- _Exercise instructions_:
Exactly the lines from the one holding "United States of" through the last line of the listing below must appear in the answer, and no pictures.

------ Dataset content

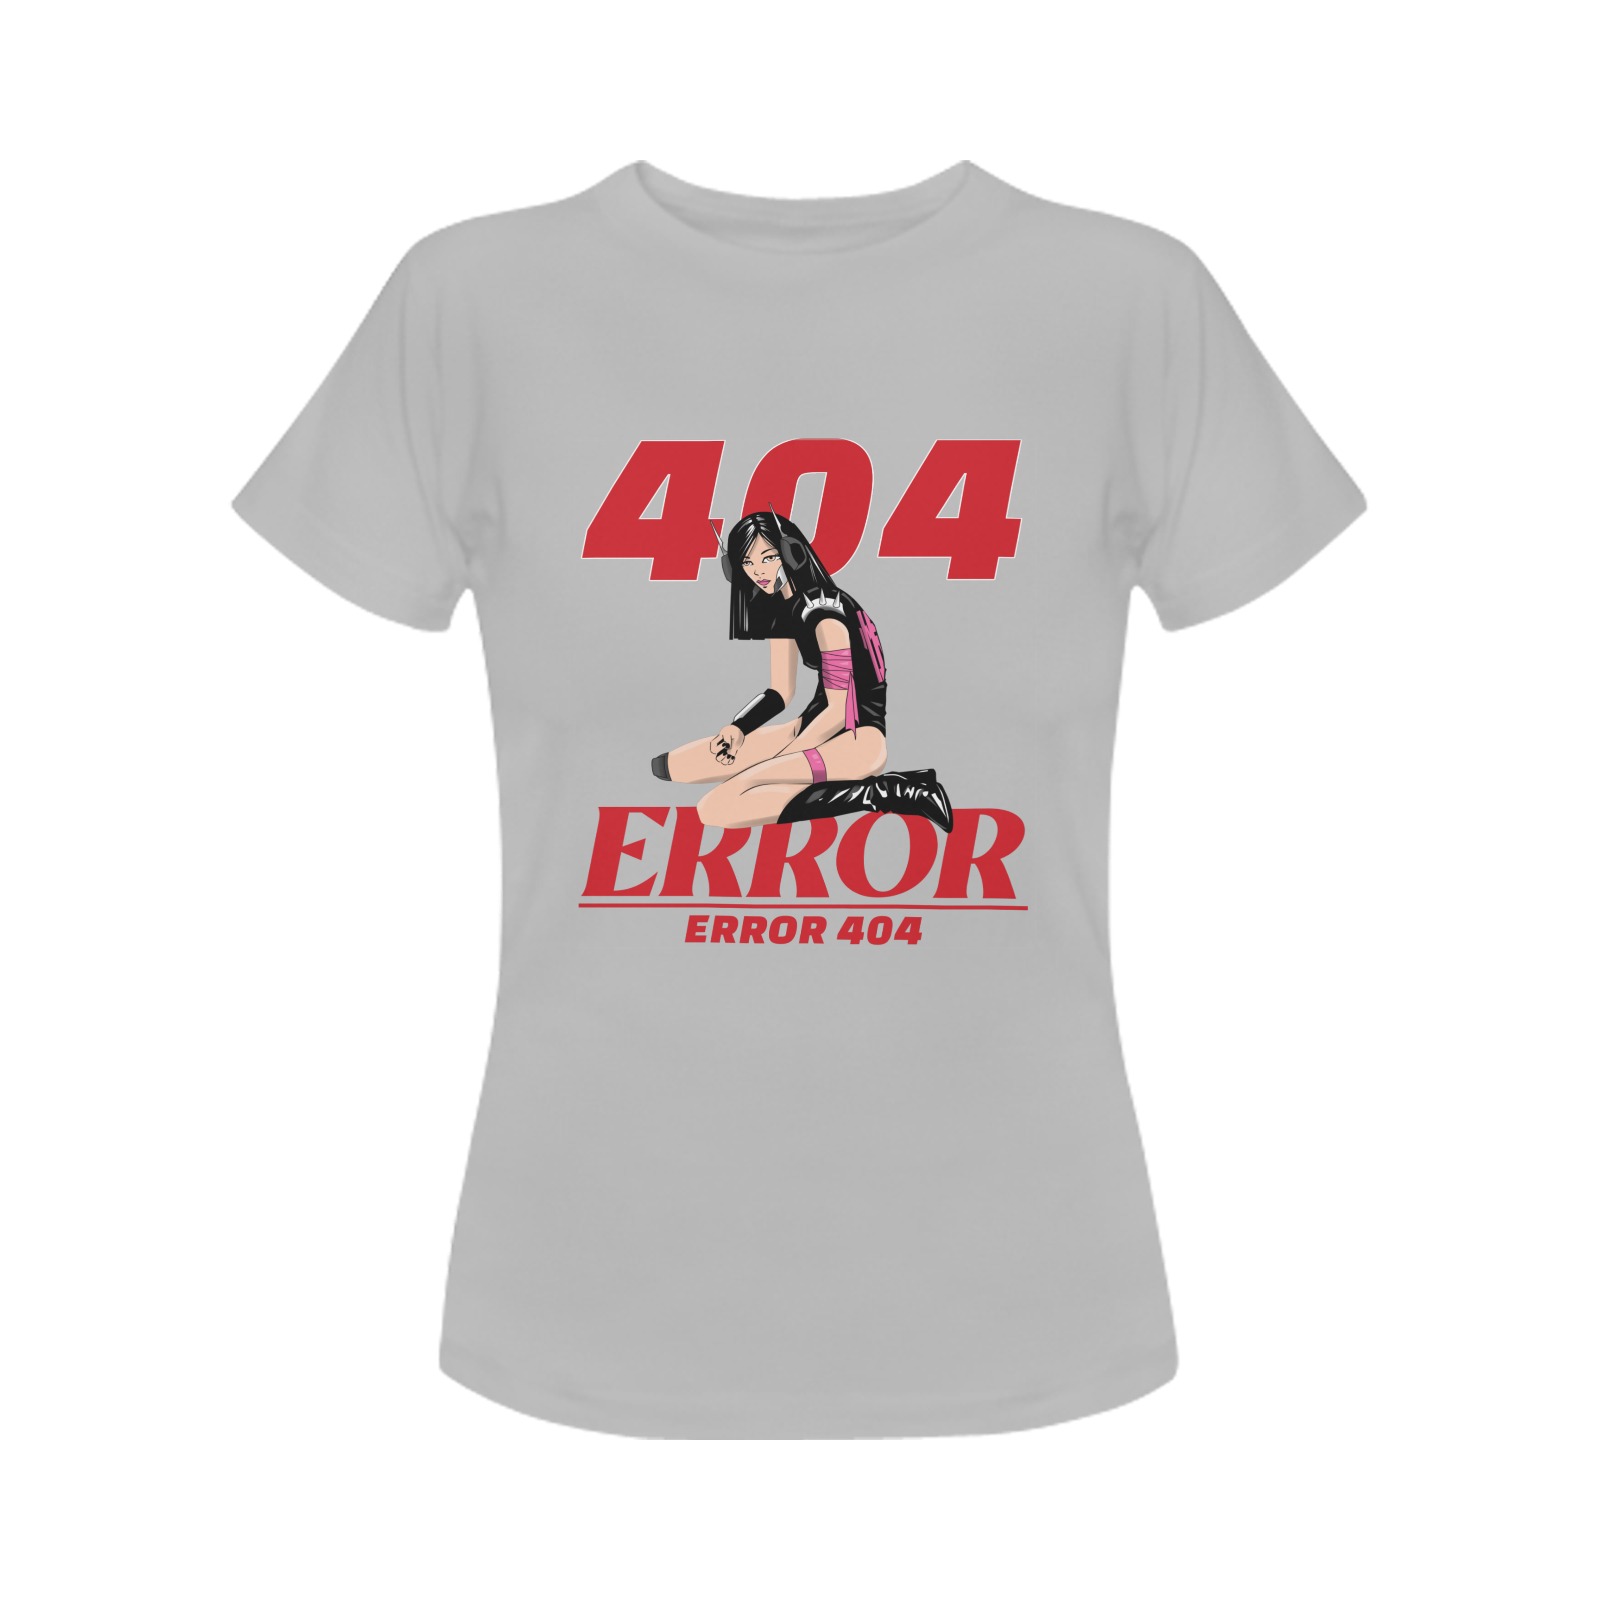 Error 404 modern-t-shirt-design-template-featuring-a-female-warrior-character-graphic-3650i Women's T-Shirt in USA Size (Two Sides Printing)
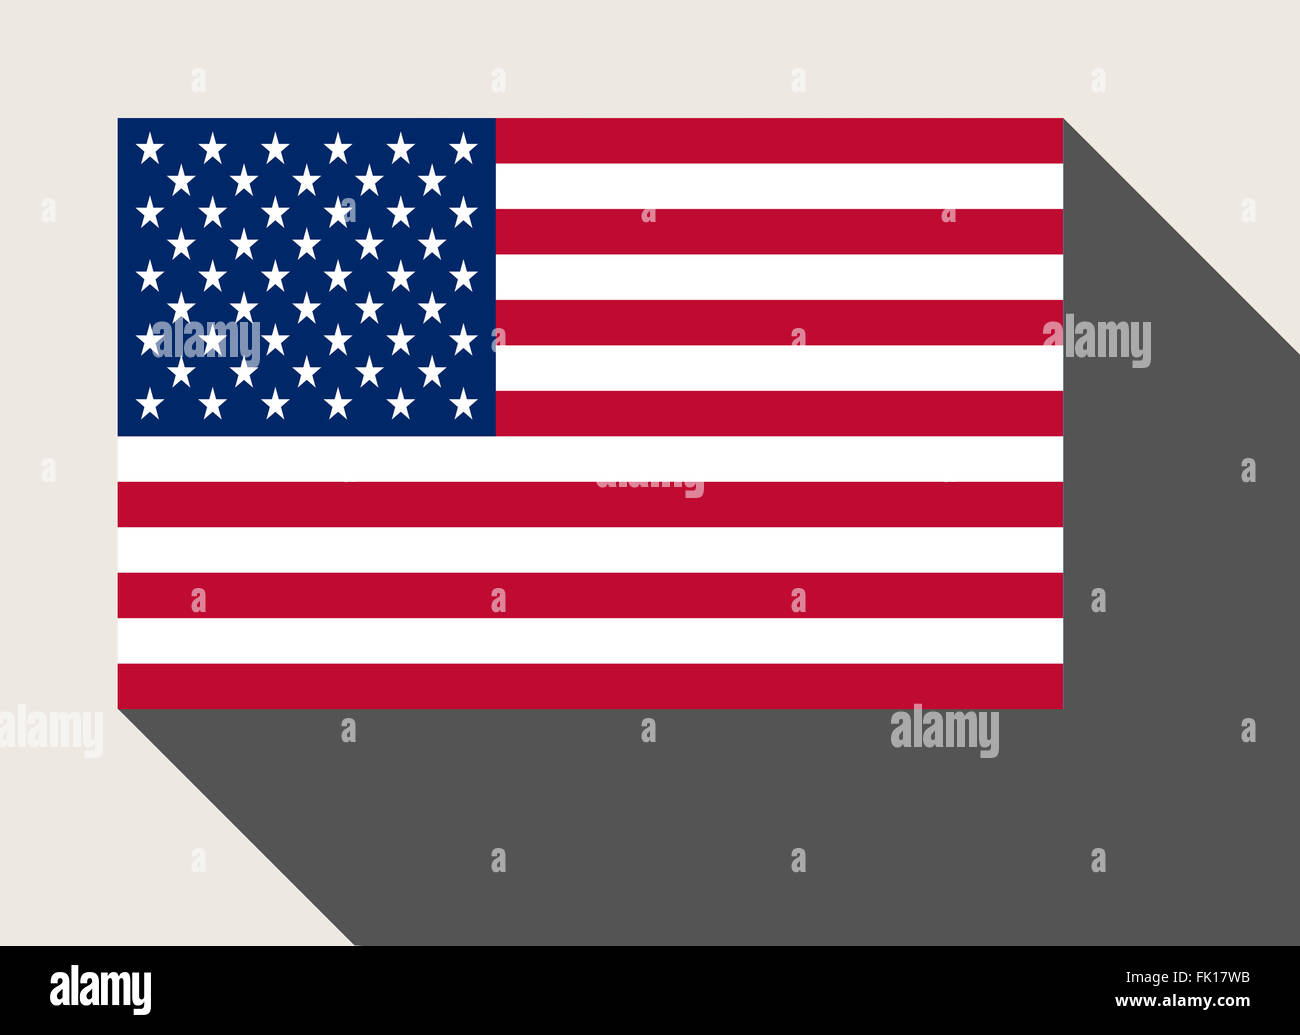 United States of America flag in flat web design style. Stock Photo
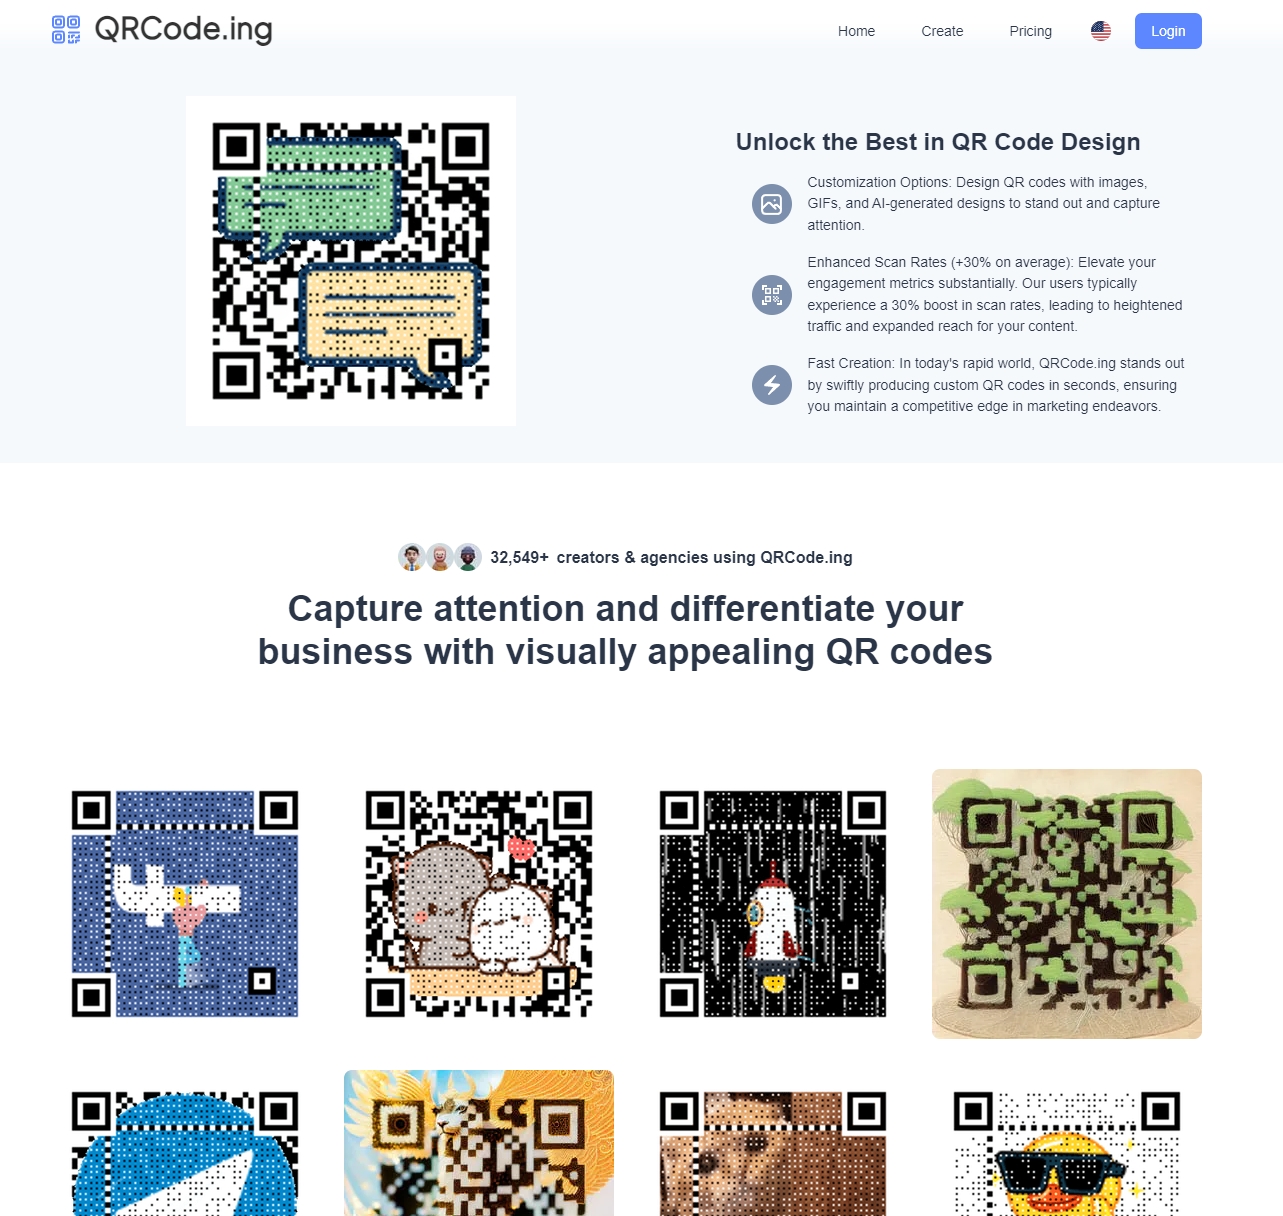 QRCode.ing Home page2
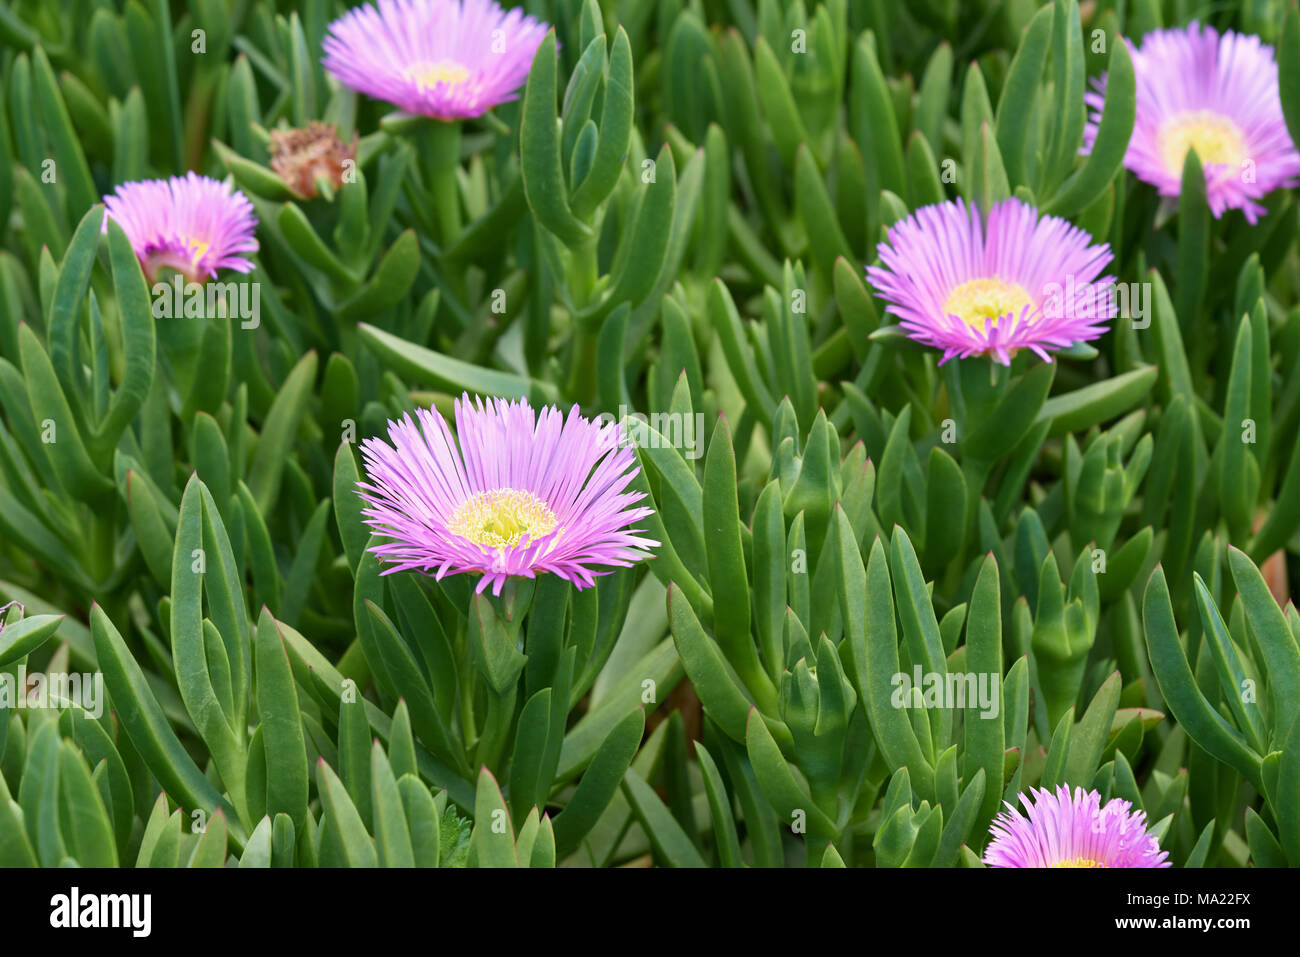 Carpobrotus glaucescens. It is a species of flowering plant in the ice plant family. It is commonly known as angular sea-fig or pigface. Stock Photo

------------

- _Response for this exercise_:
 United States of America flag in flat web design style. Stock Photo
 QRCode.ing Home page2
 Carpobrotus glaucescens. It is a species of flowering plant in the ice plant family. It is commonly known as angular sea-fig or pigface. Stock Photo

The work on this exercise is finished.